Szymanowski’s aesthetic is Symbolist, an influence imbibed from Friedrich Nietzsche’s Birth of Tragedy, a favorite and closely-read book, which prompted a “Dionysian” style almost wholly preoccupied with the ecstatic apprehension of mythically-blazoned moments as symbols of an ineffable mystery.

Song of the Night places the Symbolist mysterium in the fabulous Persia of the Sufi poet Jallal al-din Rumi.

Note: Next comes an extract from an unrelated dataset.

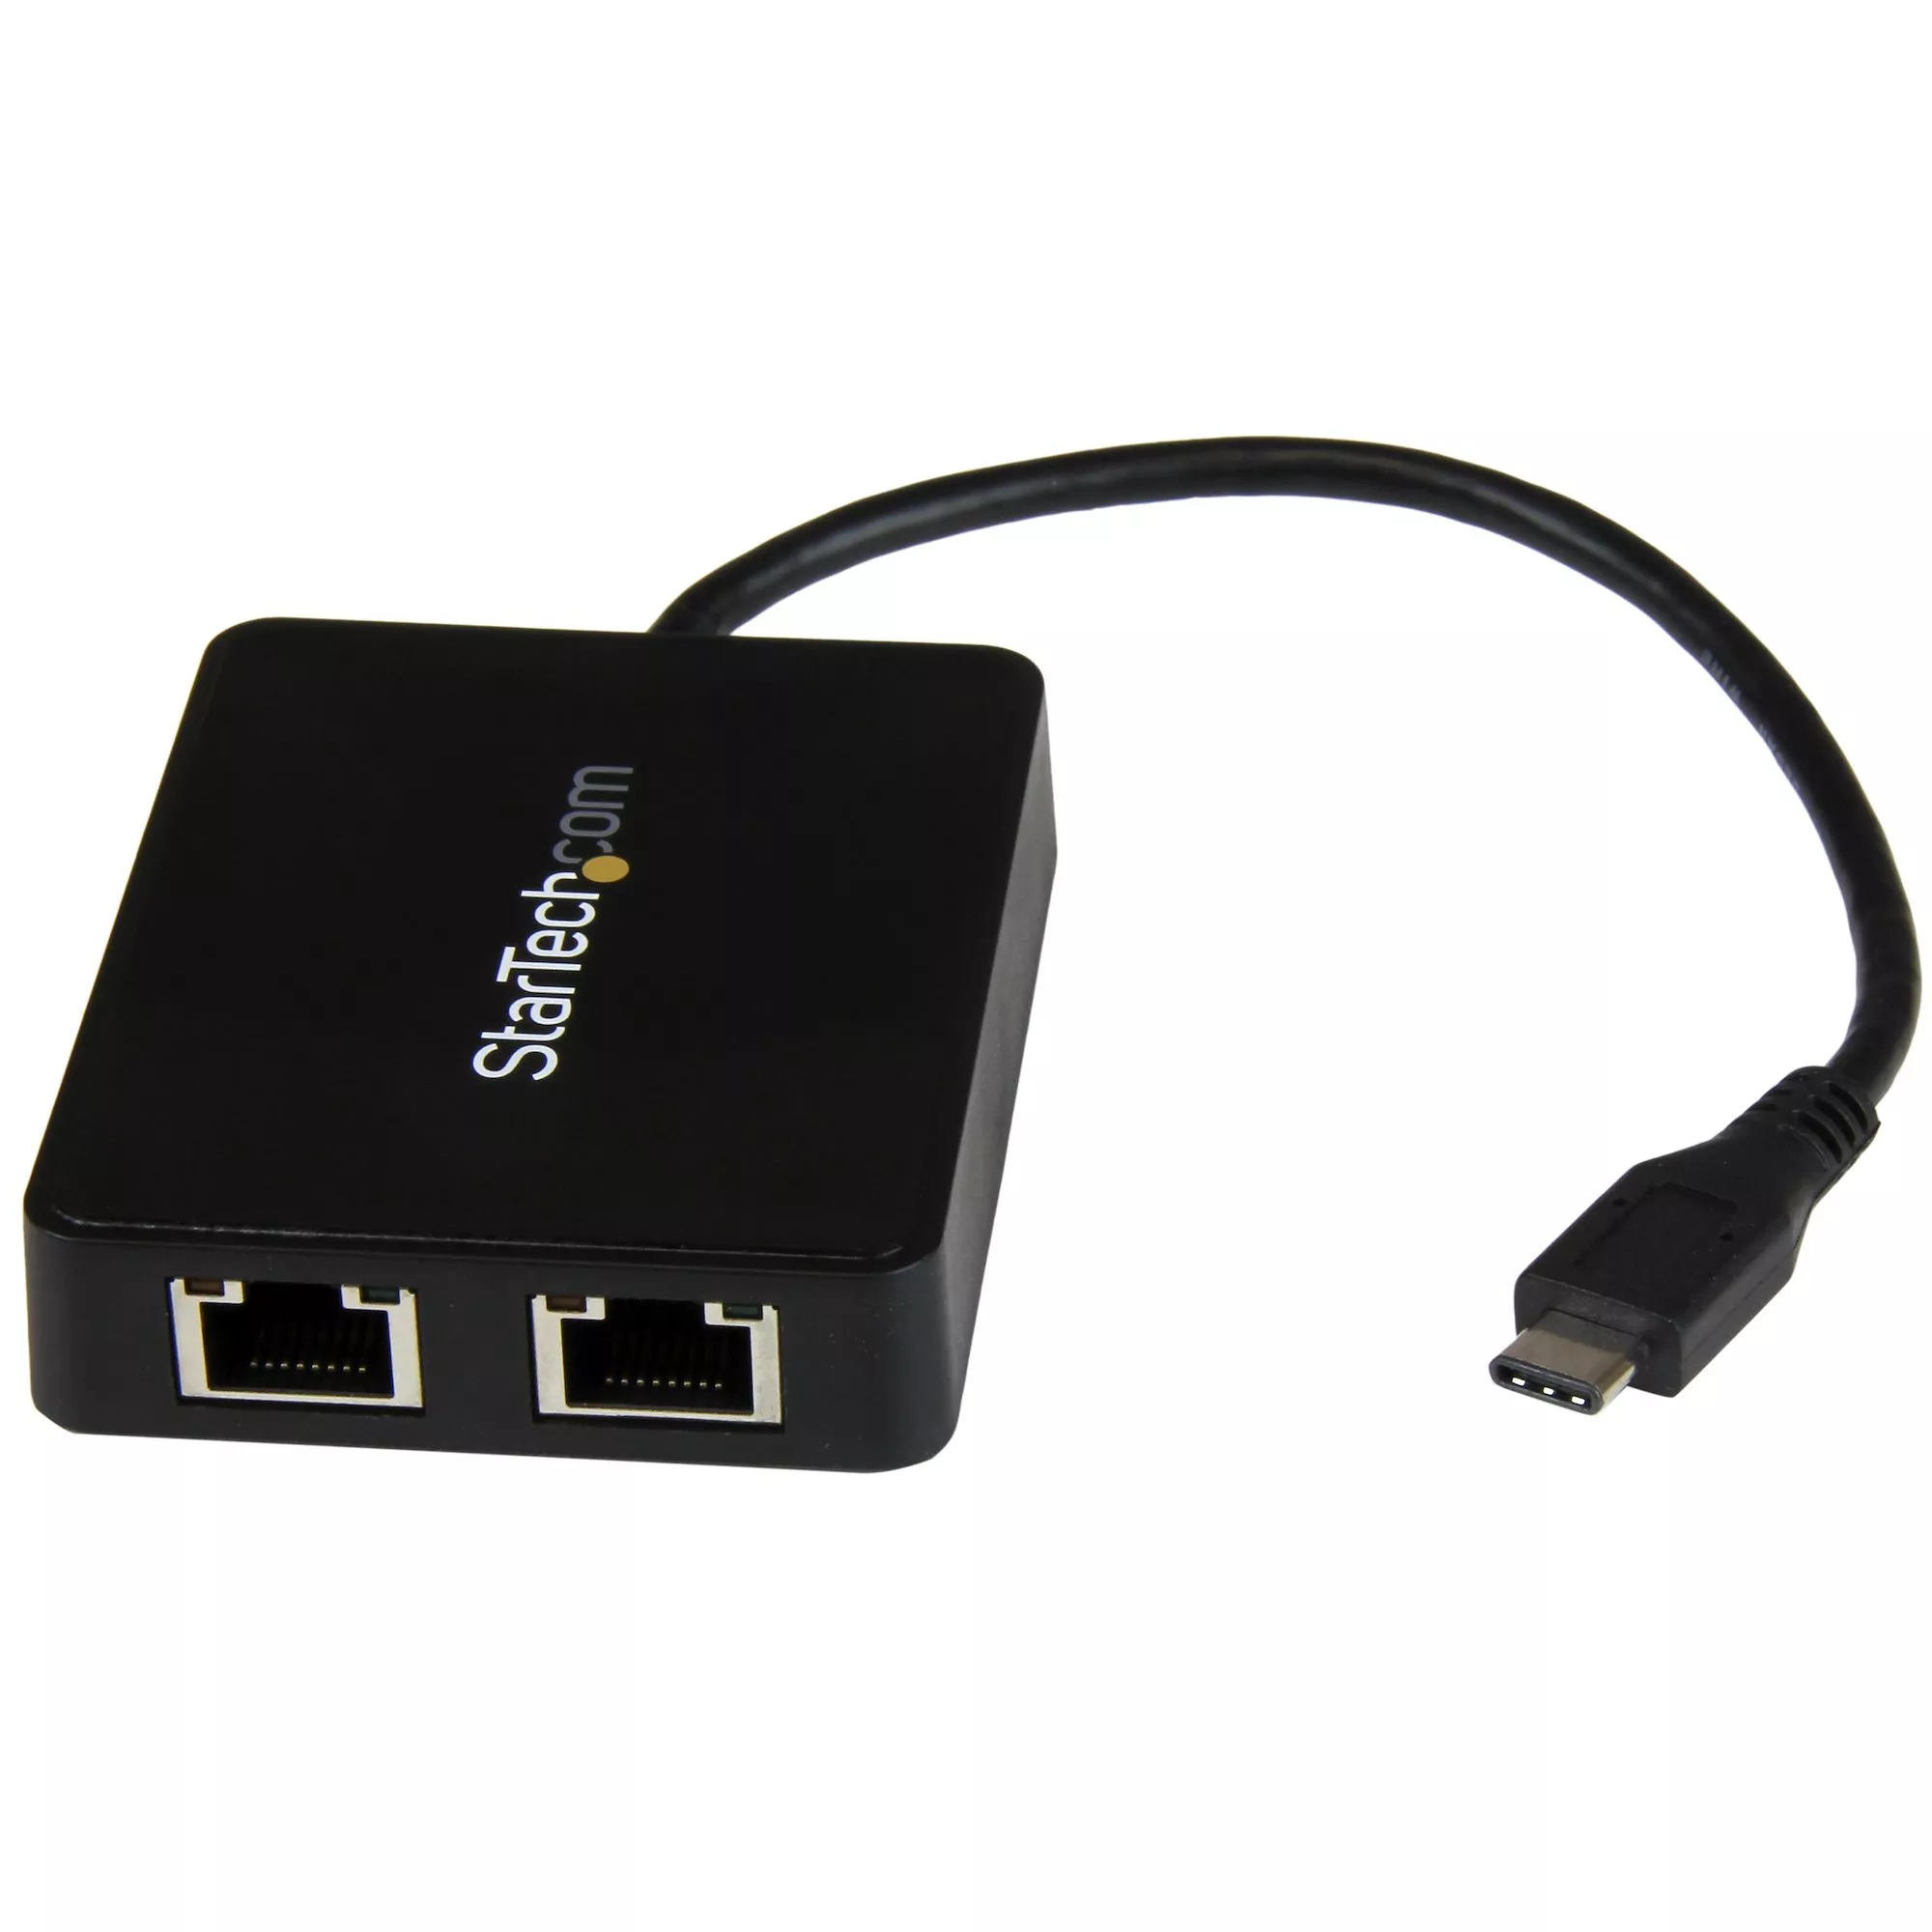 Vente Câble USB StarTech.com Adaptateur réseau USB-C vers 2 ports Gigabit

A symphony in name only, this single three-part movement opens with the mystic’s exhortation to watchfulness, for “the great secret is revealed in this night.” Rumi is generally credited as the founder of the Mevlevi order of Dervishes, whose “whirling” occasions the highly stylized dances, now contemplatively attenuated, now vehement, which mimic the passage of the planets and constellations, raptly heralded by the tenor solo of the first part, in a circling whose effect is intoxication and whose center and goal is God.

A Warsaw concert in January 1920, giving his compatriots a first hearing of his Dionysian works, was poorly attended and tepidly received, wringing from Szymanowski the complaint that “there is no real contact between myself and the Polish (or at any rate Warsaw) public, I seem strange, incomprehensible to them.. .The European climate of my art does not suite this local provincialism.” In the upshot, Song of the Night received its premiere in London under Albert Coates on November 26, 1921, and was not heard in Warsaw until April 1924, by which time Szymanowski was quite a different composer.

In writing of Song of the Night it has become almost obligatory to quote from Kaikhosru Sorabji’s glowing effusive encomium in Mi Contra Fa (London: Porcupine Press, 1947), if only because such unequivocal praise from such a critic may hardly be ignored: “Here is no European in Eastern fancy-dress, but one who, by a penetrating clairvoyant insight and sympathy, an astonishing kinship of spirit, succeeds in giving us in musical terms what we instinctively know and recognize as the essence of Persian Art.”

One might more aptly call attention to Szymanowski’s “clairvoyant insight and sympathy” with the latest works of Scriabin, Debussy, Ravel, and Stravinsky, whose innovations and refinements he turned, almost as they were being made, confidently and eloquently to his own use. Thus, Szymanowski in his Dionysian guise offered a newly emancipated Poland, in search of a cultural identity, the not entirely welcome example of a fluently cosmopolitan Europeanism, a highly sophisticated consolidation of what was best and most brilliant in pre-war, post-Romanticism, couched in a legacy of exotically powerful, exquisitely realized, and radiantly intense works.